Instructions for review:

The layout of the main document gives an outline of the current definition, history, and current usage for each inactivation reason. These are presented so that you can see the context in which we have identified the key issues as they present themselves to authors/editors as they attempt to use the current suite of inactivation reasons and associated historical associations. With this background in mind, we have then presented our first draft proposals to improve the current process along with some additional guidance on their use so as to put the proposals into context.

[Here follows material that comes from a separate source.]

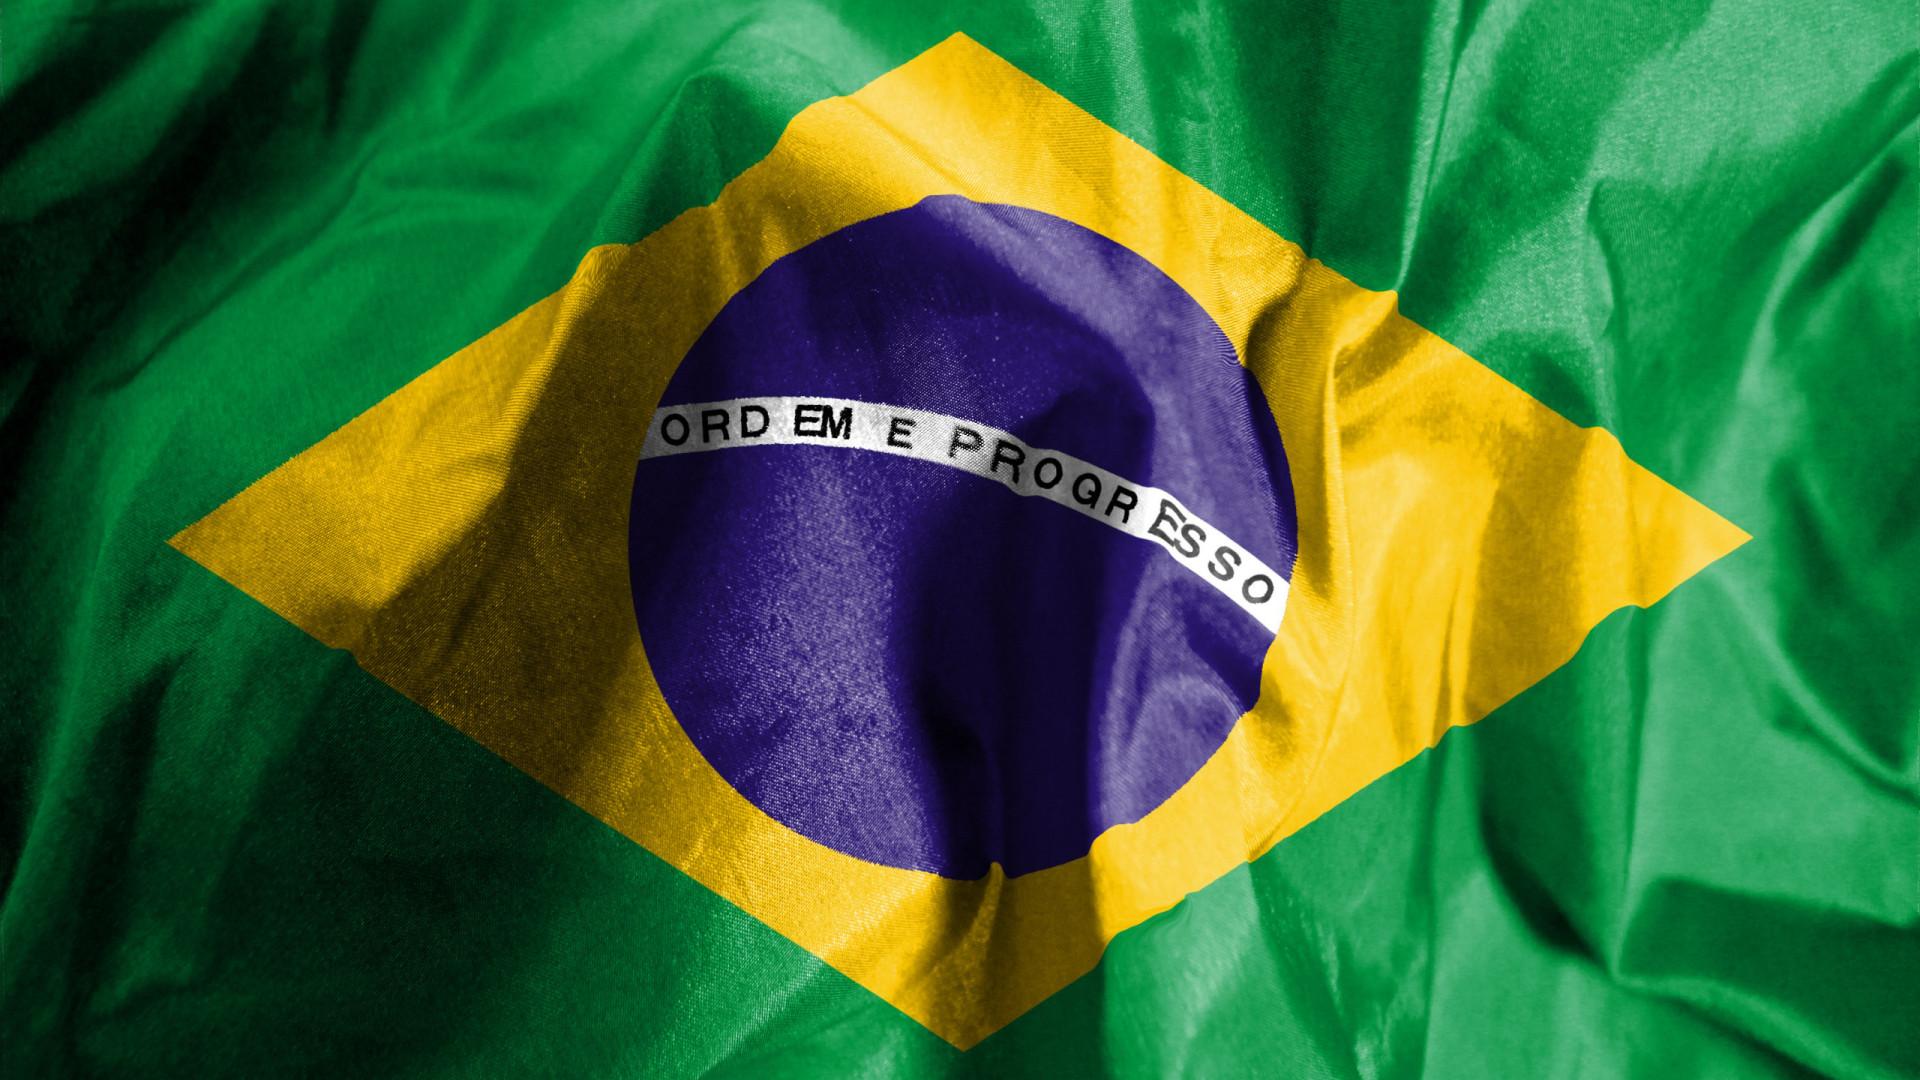 Embaixador na Venezuela 'persona non grata'? Brasil promete retaliar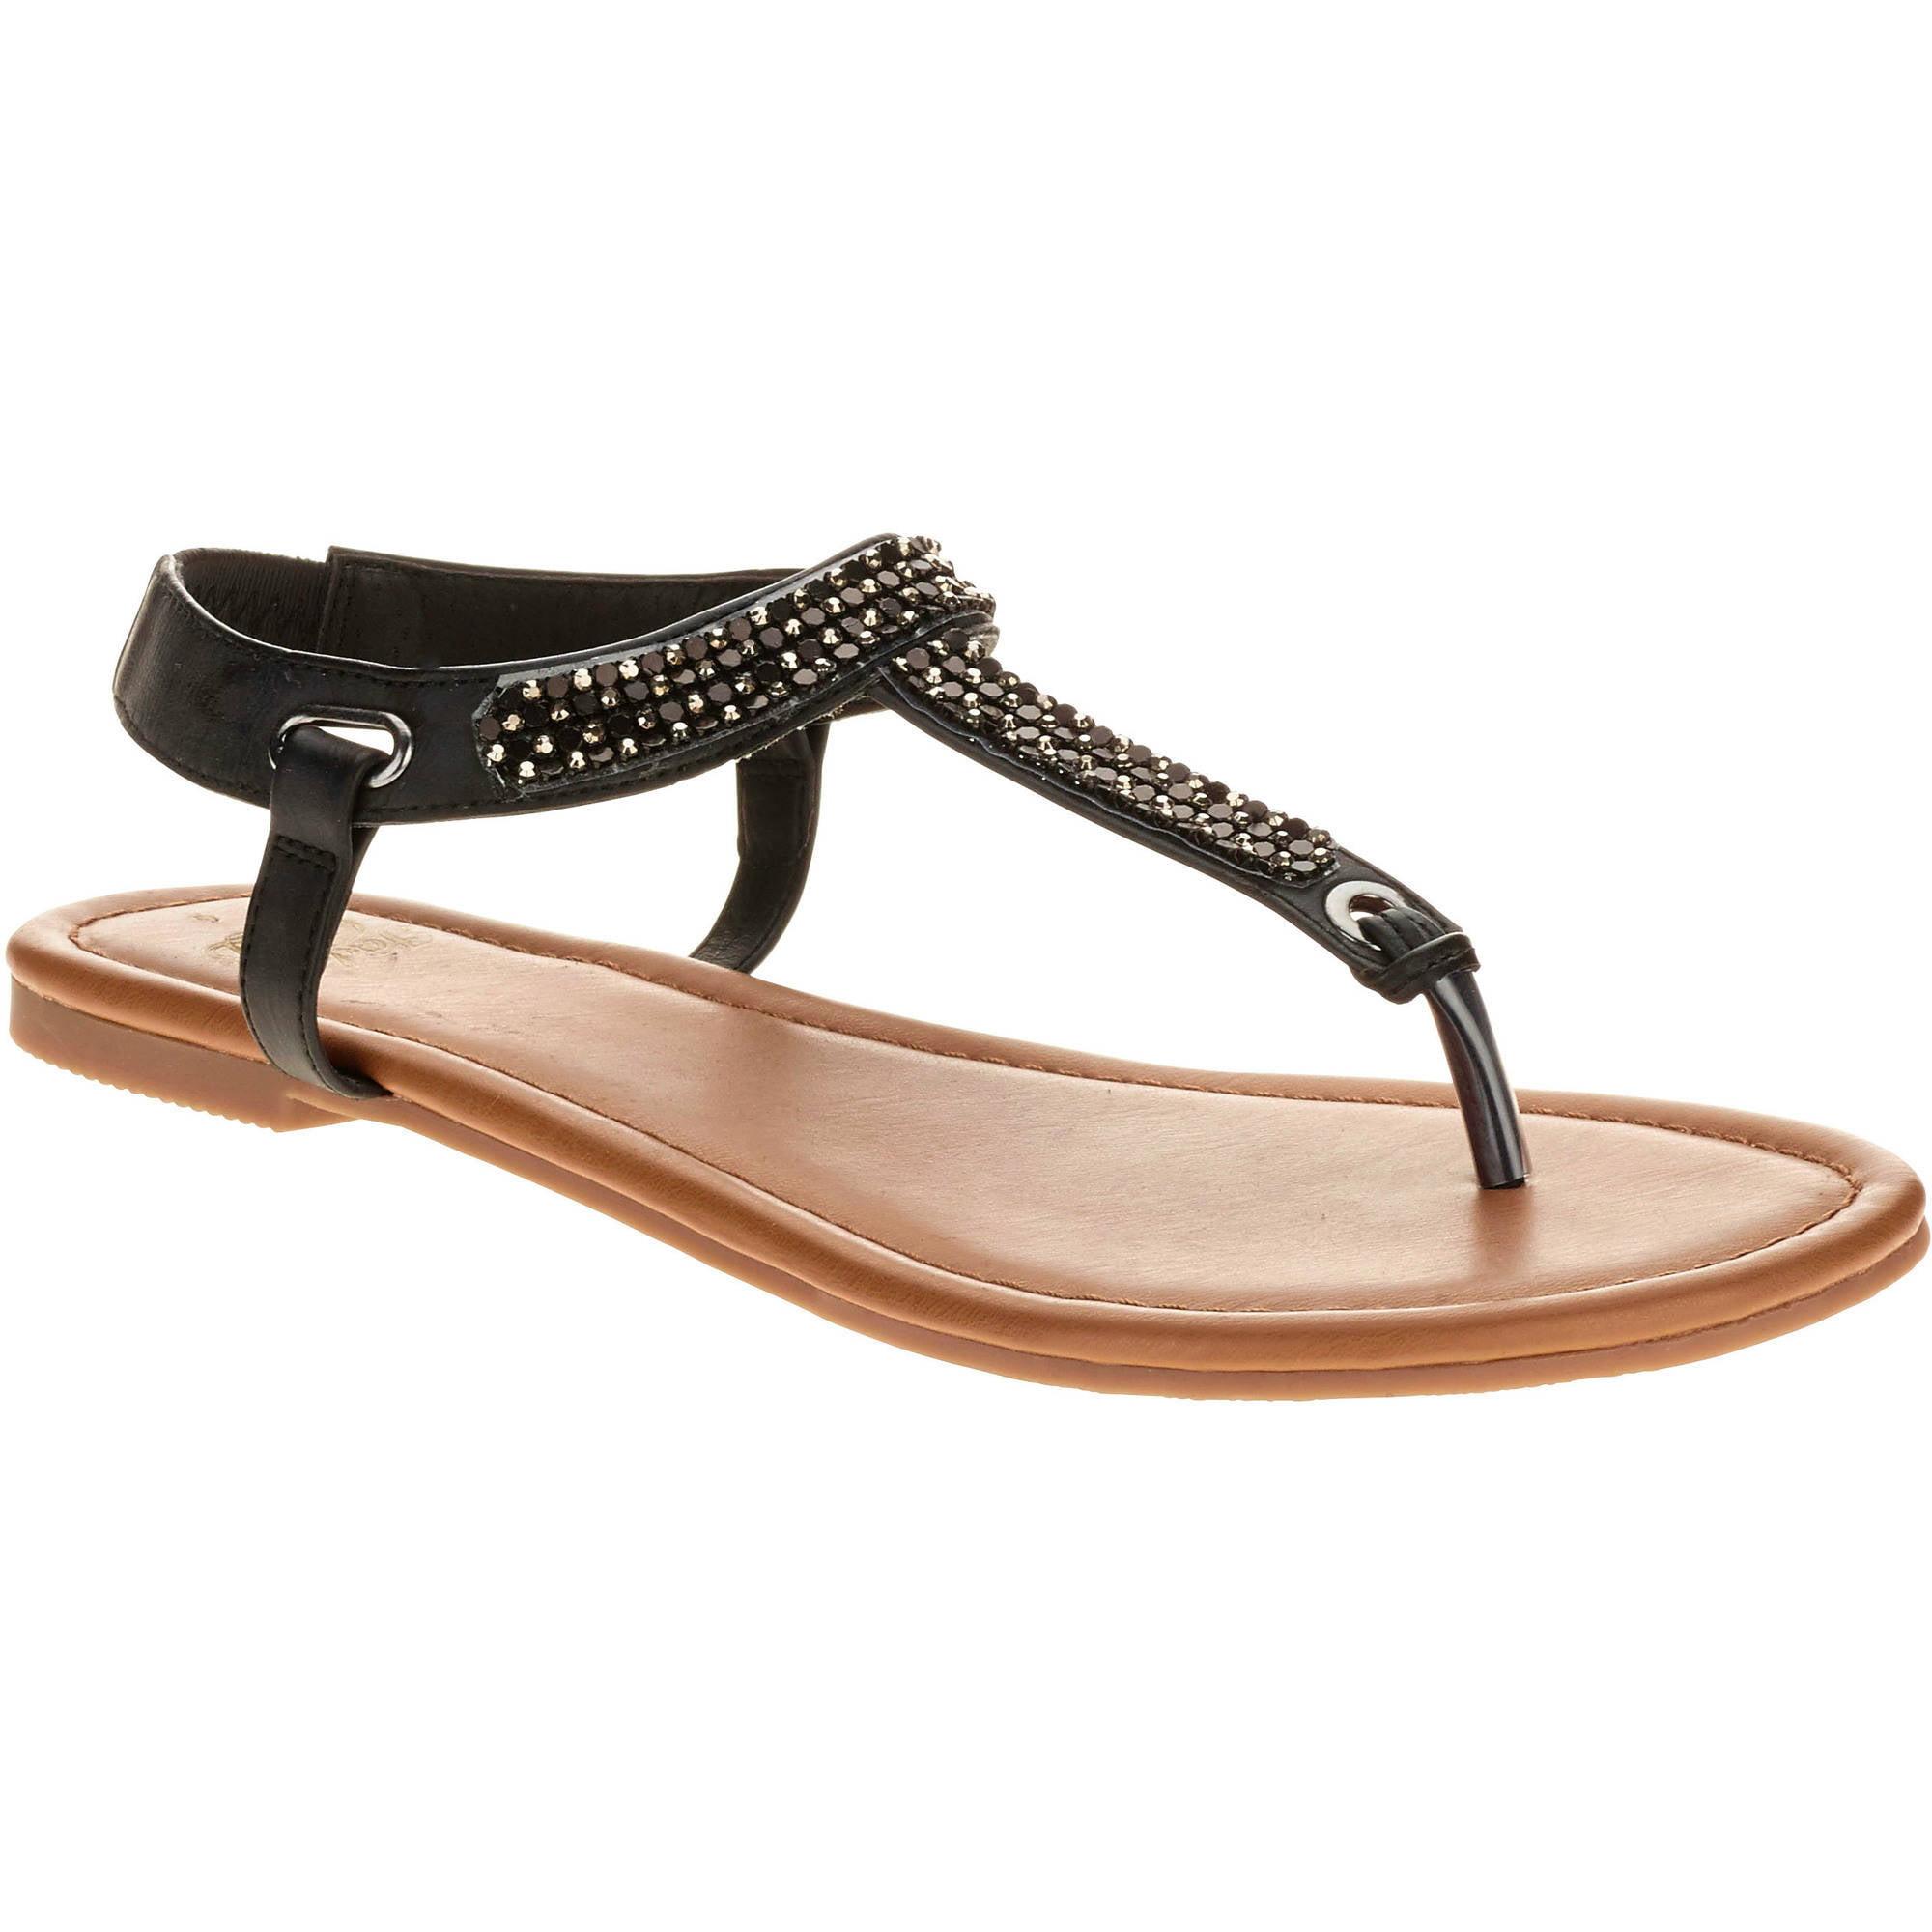 Faded Glory Women's Jewel Thong Sandal

In reviewing the document we would like you to read the sections up to the "proposals for change" and let us know if you think we have identified all of the issues. Then read the proposals and comment on whether you feel that they address the issues. First to help the authors/editors become more consistent in their application of the inactivation process e.g., are they more likely to choose the correct reason for inactivation and then be provided with the correct suite of historical associations to complete the process. Secondly, will the changes we have made make it easier for end-users and vendors to understand the reason for the inactivation of a given concept and the implication for them of using the historical association allocated.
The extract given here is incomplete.